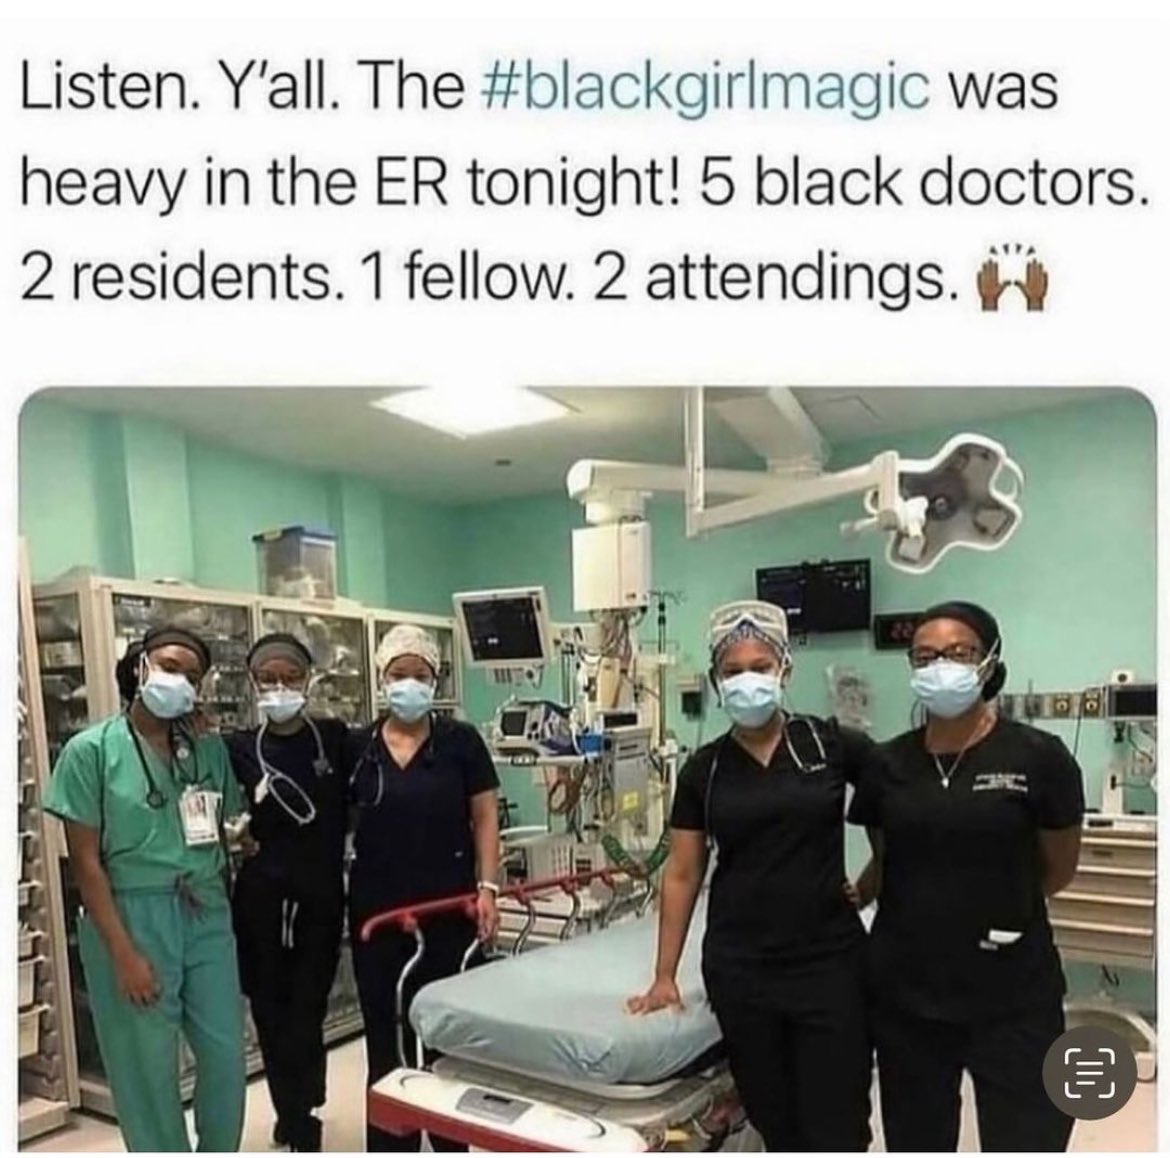 #BlackGirlMagic is also a form of #BlackHistory! And I post stuff like this 365 days a year, not just for #BlackHistoryMonth 
#BlackWomen
#BlackDoctors 
#BlackInMedicine
#BlackHealth 
👸🏾👸🏾👸🏾
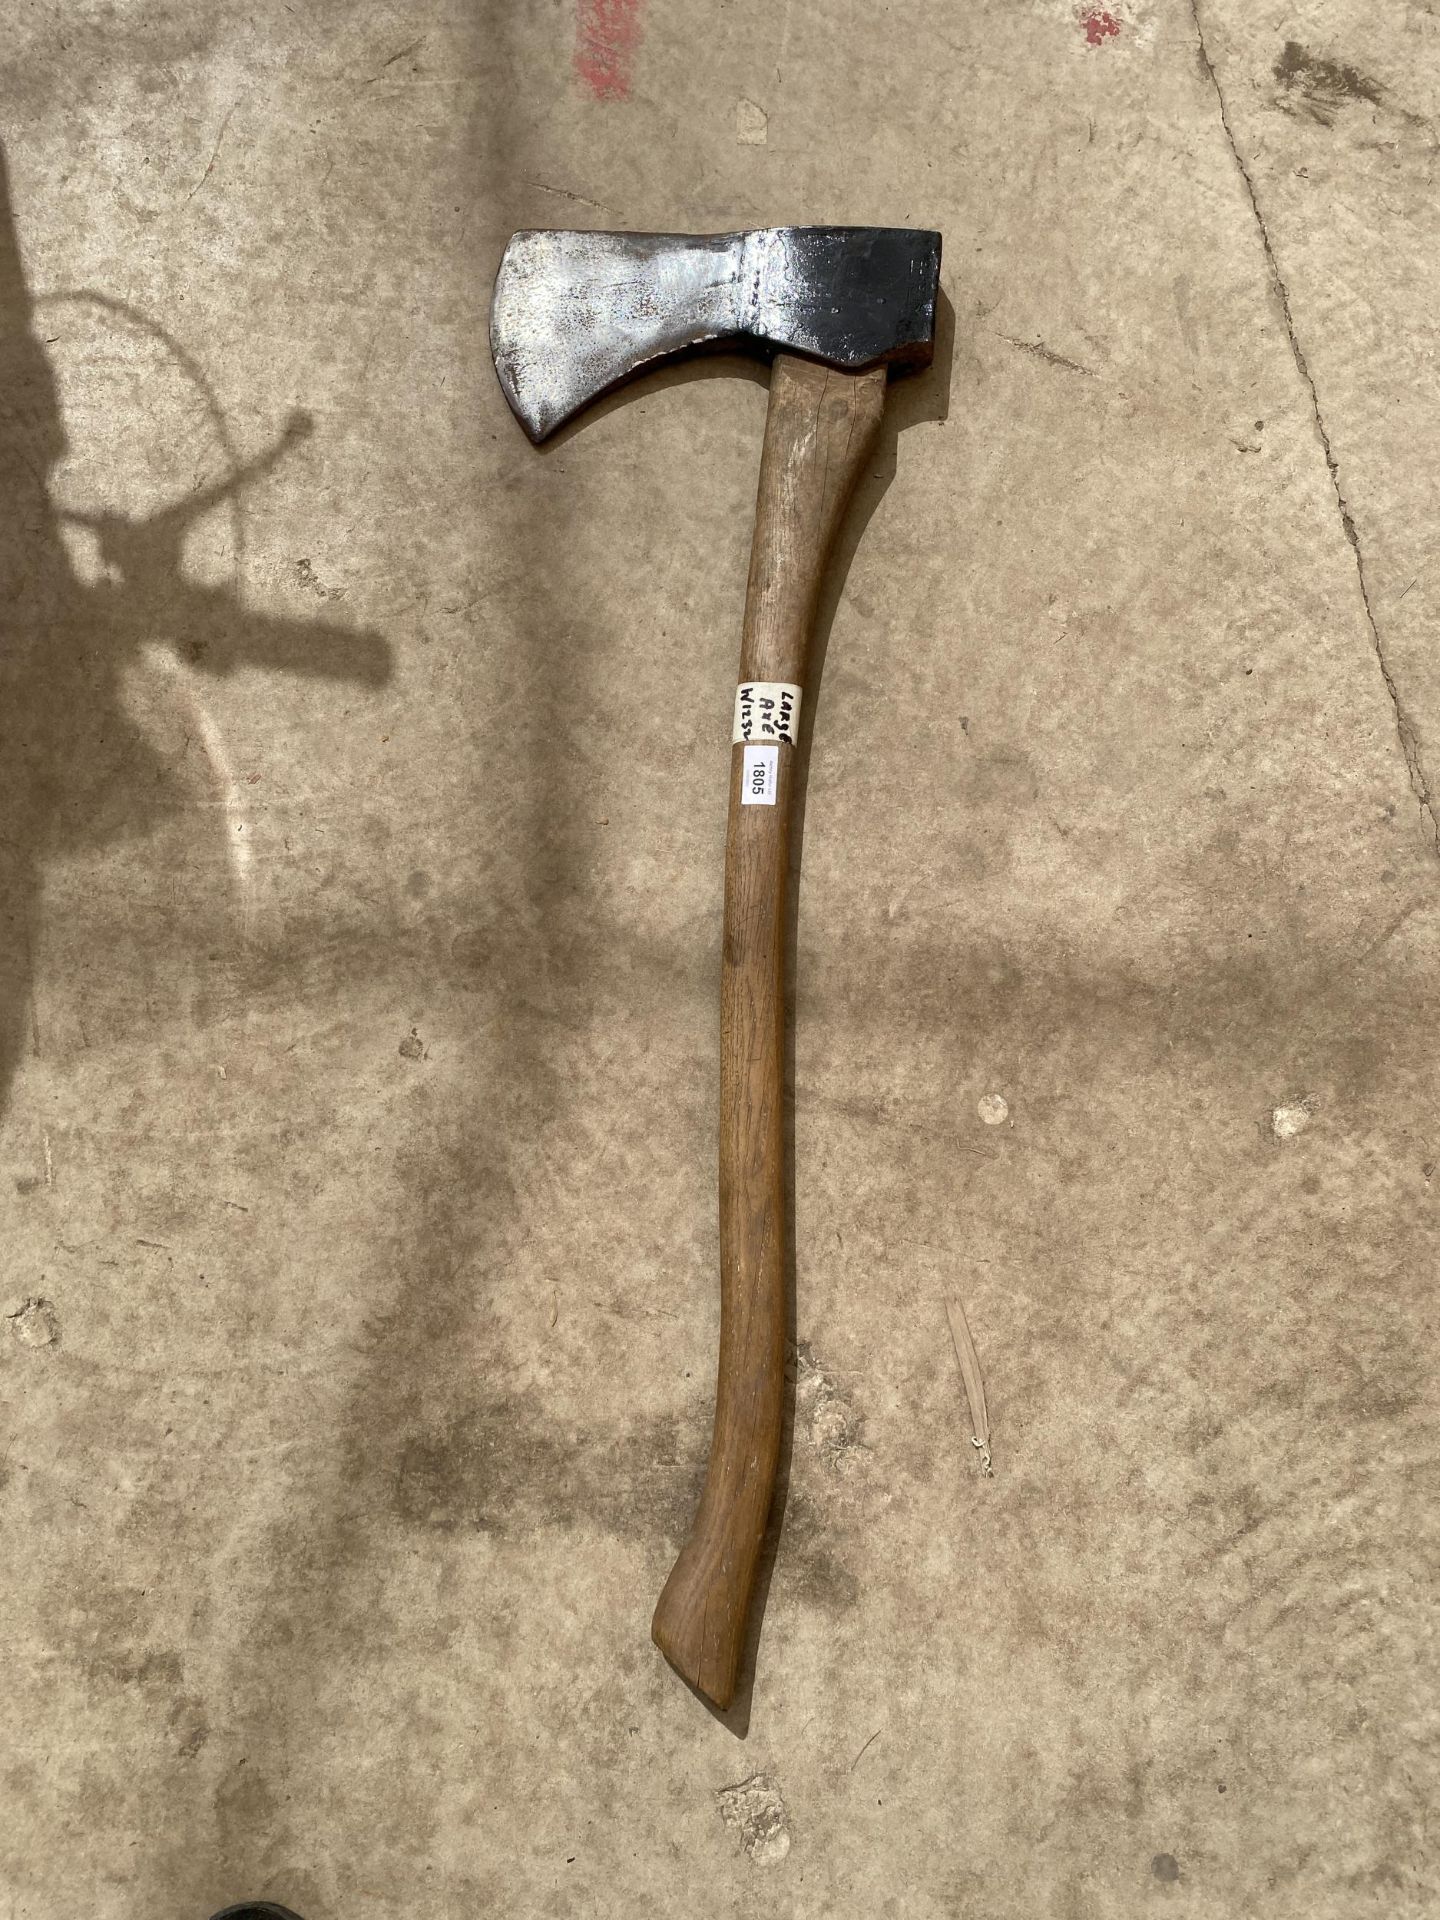 A LARGE VINTAGE AXE
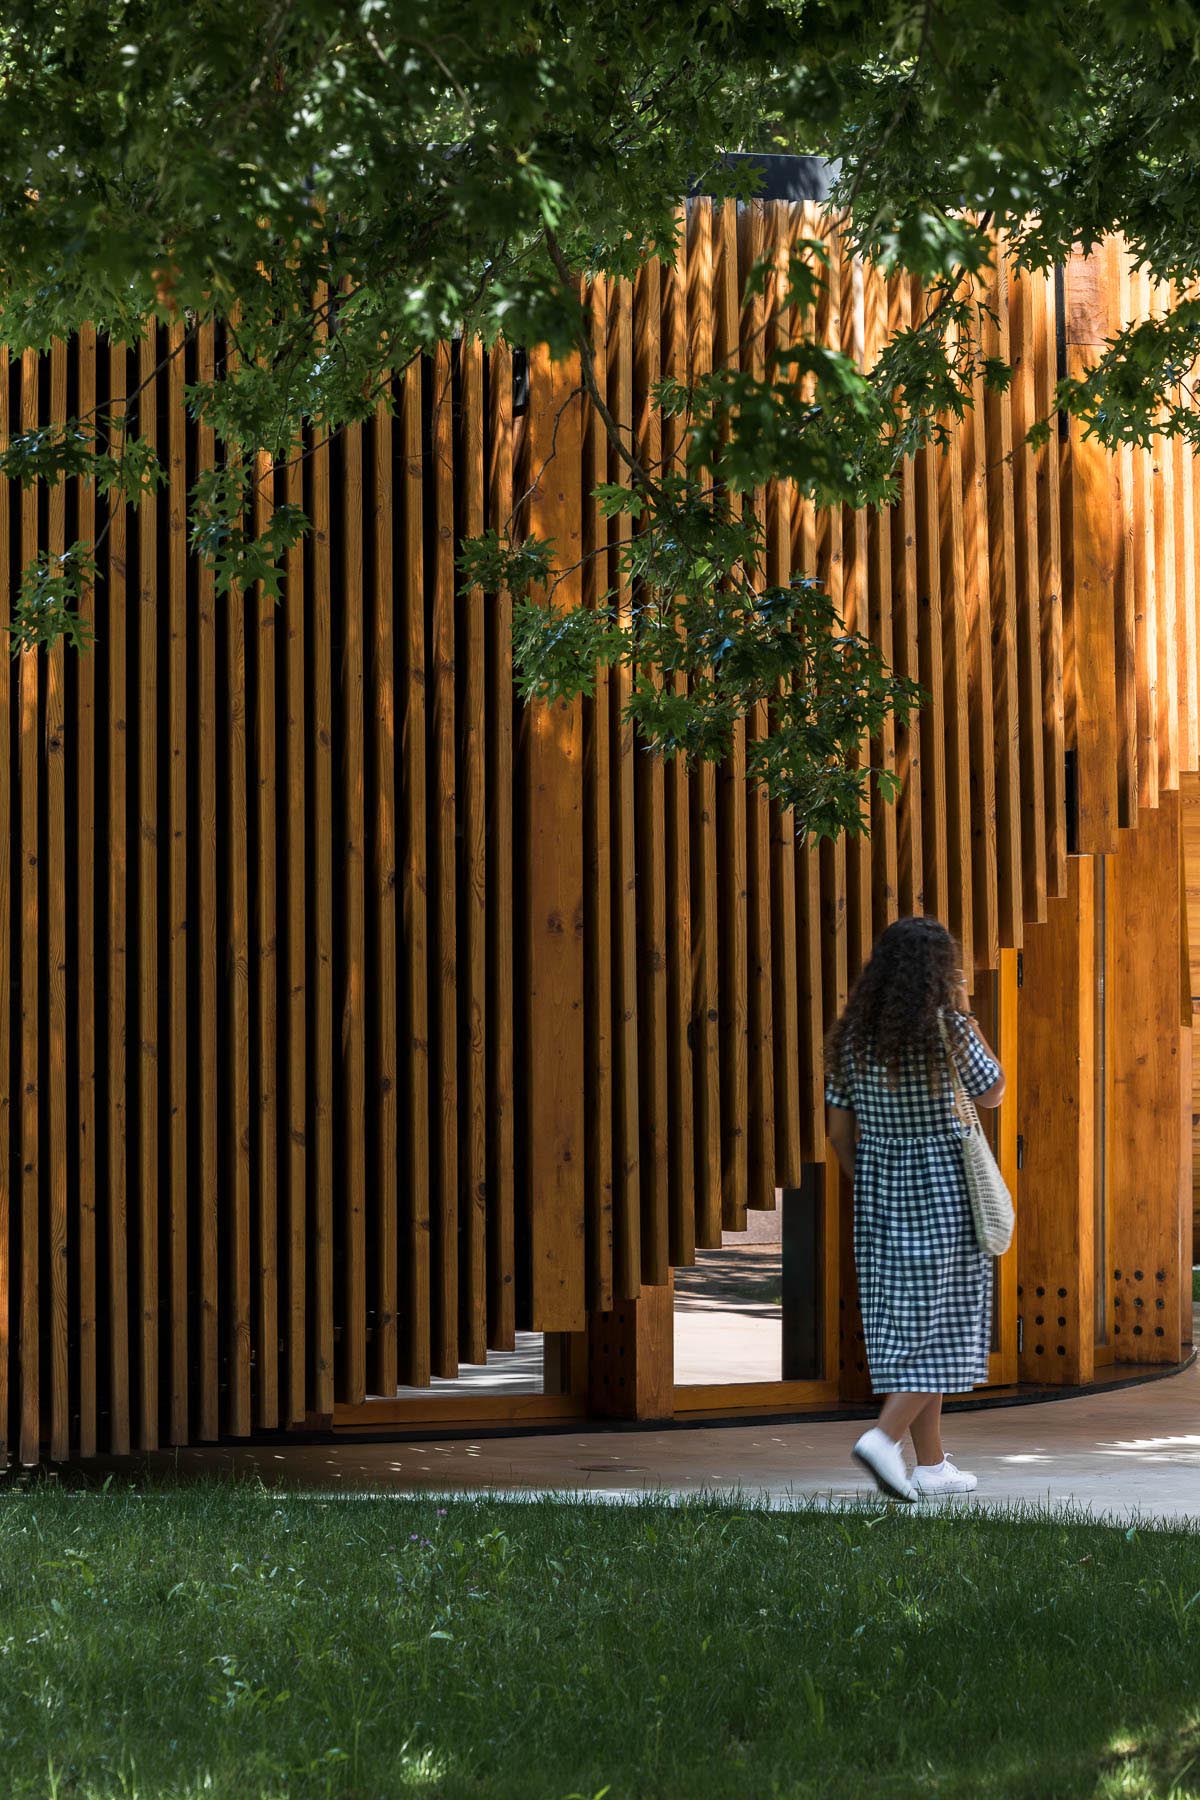 A small modern building has a circular design that's covered in vertical wood slats.

• Action item:
Copy out each line of the data exactly as it reads; skip the pictures.

• Answer section:
 #BlackGirlMagic is also a form of #BlackHistory! And I post stuff like this 365 days a year, not just for #BlackHistoryMonth 
#BlackWomen
#BlackDoctors 
#BlackInMedicine
#BlackHealth 
👸🏾👸🏾👸🏾
 A LARGE VINTAGE AXE
 A small modern building has a circular design that's covered in vertical wood slats.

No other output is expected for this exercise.